Synaptic plasticity and neuronal refractory time cause scaling behaviour of neuronal avalanches

TL;DR

This paper investigates how synaptic plasticity and neuronal refractory time influence the scaling behavior of neuronal avalanches, revealing mechanisms that lead to mean field-like activity patterns in neuronal networks.

Contribution

It demonstrates that refractory time and Hebbian plasticity together shape avalanche dynamics and network topology, explaining the origin of observed scaling laws.

Findings

Refractory time induces directed avalanche propagation.

Hebbian plasticity transforms network topology into a branched structure.

Scaling behavior persists across different network topologies.

Abstract

Neuronal avalanches measured in vitro and in vivo in different cortical networks consistently exhibit power law behaviour for the size and duration distributions with exponents typical for a mean field self-organized branching process. These exponents are also recovered in neuronal network simulations implementing various neuronal dynamics on different network topologies. They can therefore be considered a very robust feature of spontaneous neuronal activity. Interestingly, this scaling behaviour is also observed on regular lattices in finite dimensions, which raises the question about the origin of the mean field behaviour observed experimentally.

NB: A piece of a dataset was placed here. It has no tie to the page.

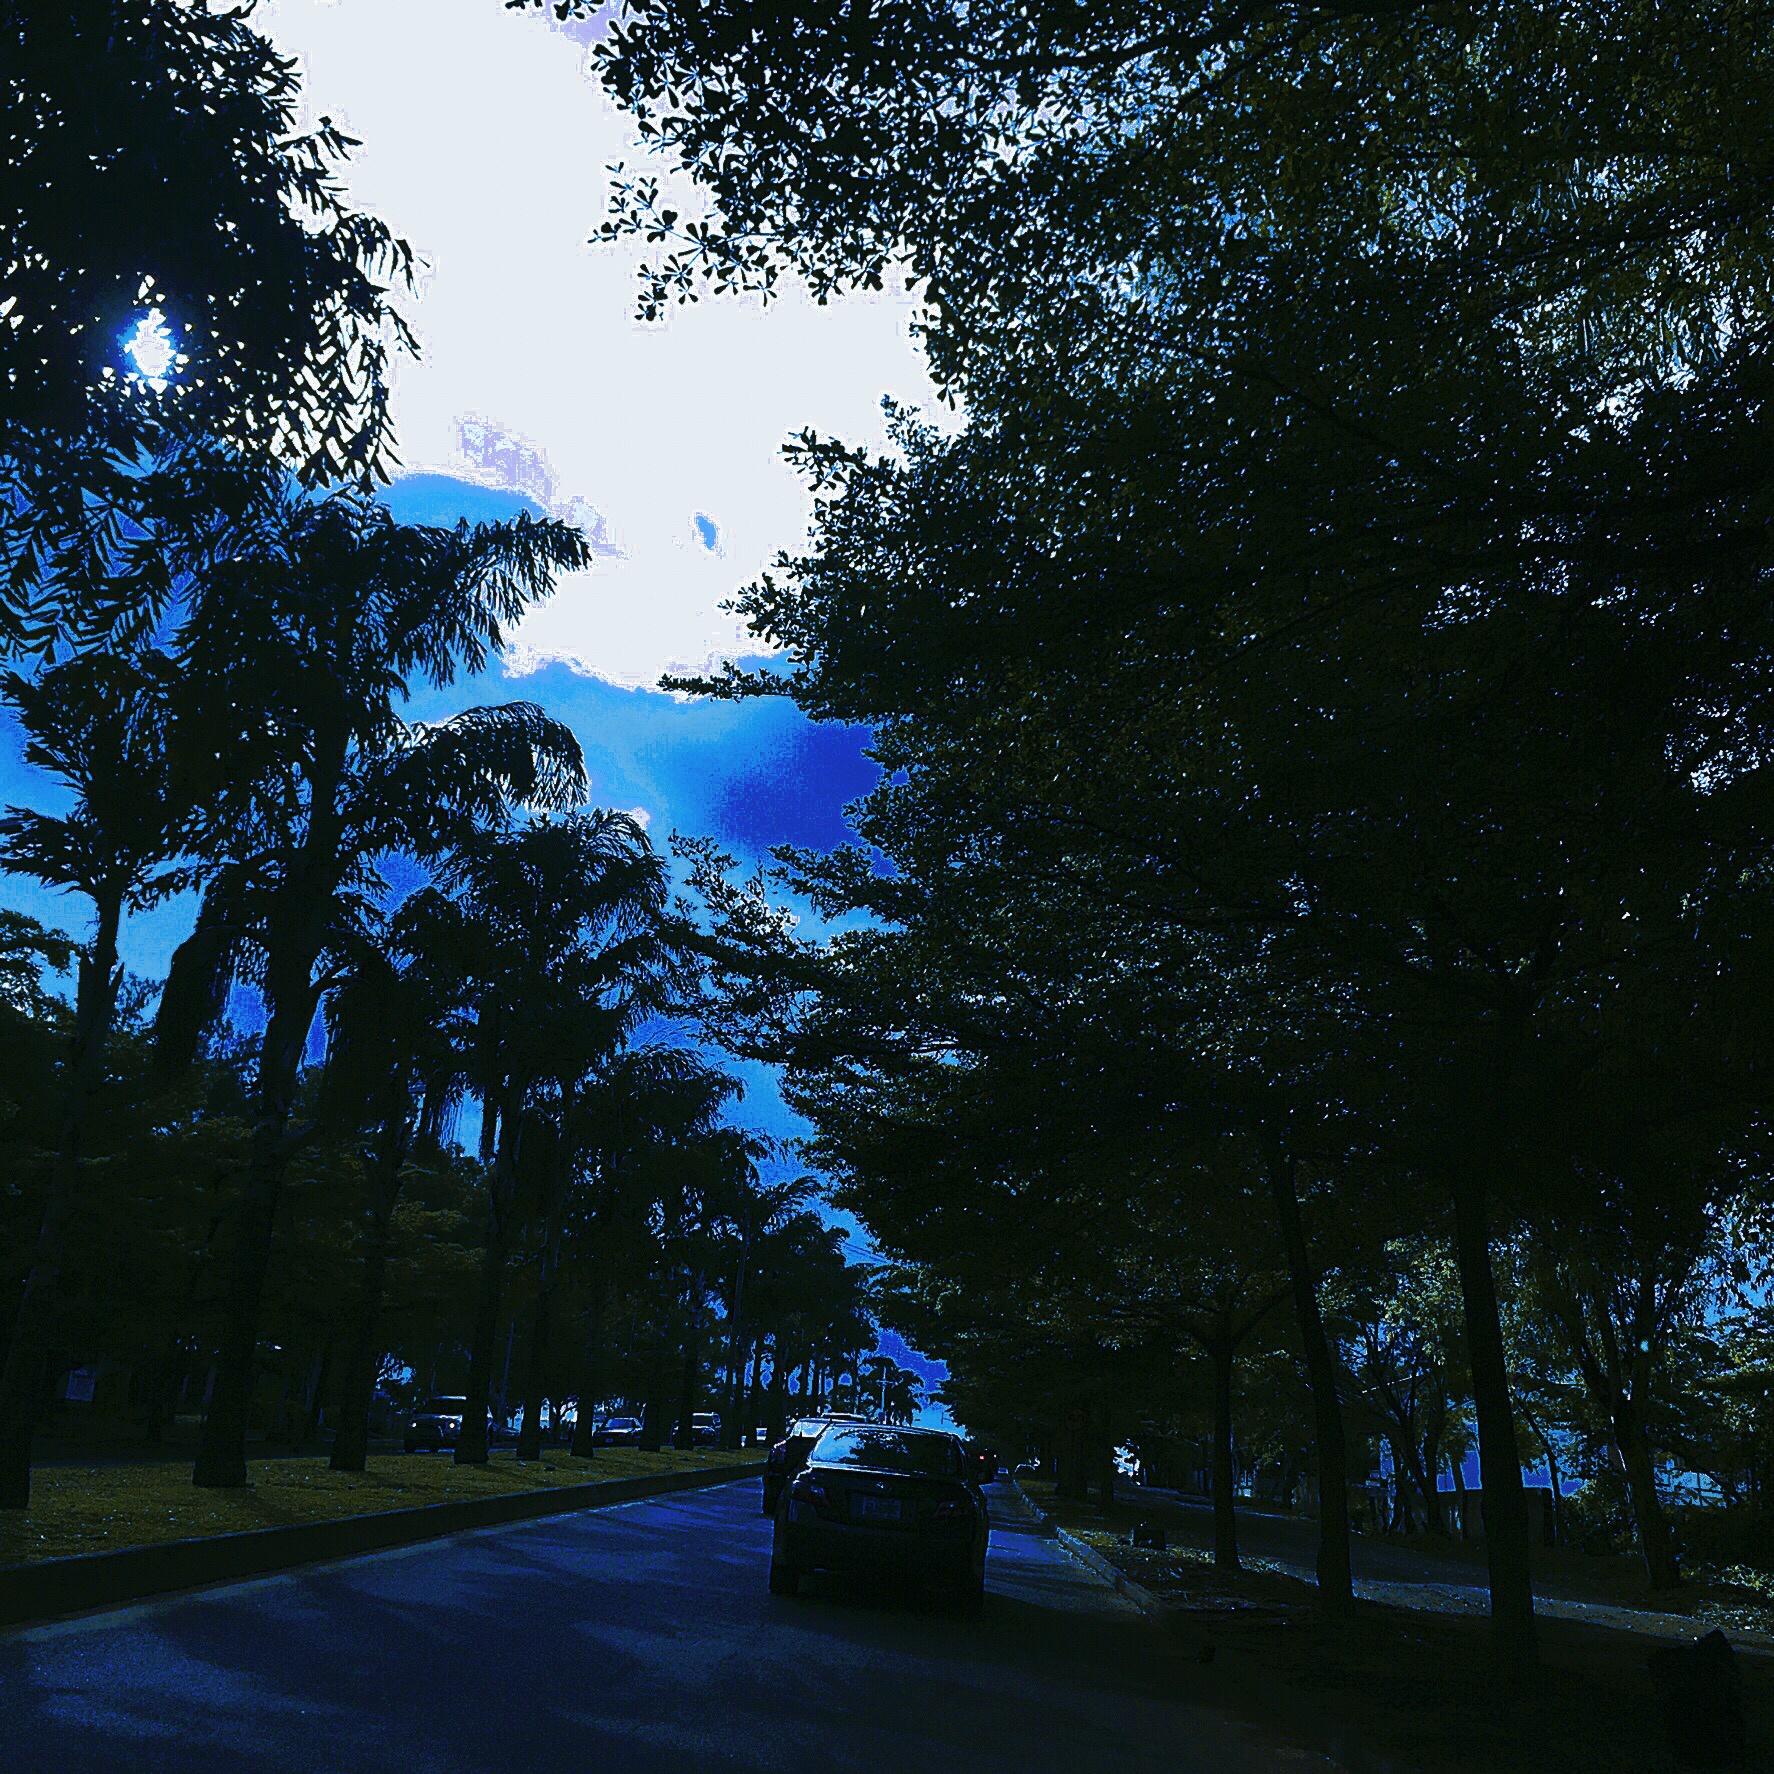 Blue Canopy by ggsani

In this study we provide an answer to this open question by investigating the effect of activity dependent plasticity in combination with the neuronal refractory time in a neuronal network. Results show that the refractory time hinders backward avalanches forcing a directed propagation. Hebbian plastic adaptation plays the role of sculpting these directed avalanche patterns into the topology of the network slowly changing it into a branched structure where loops are marginal.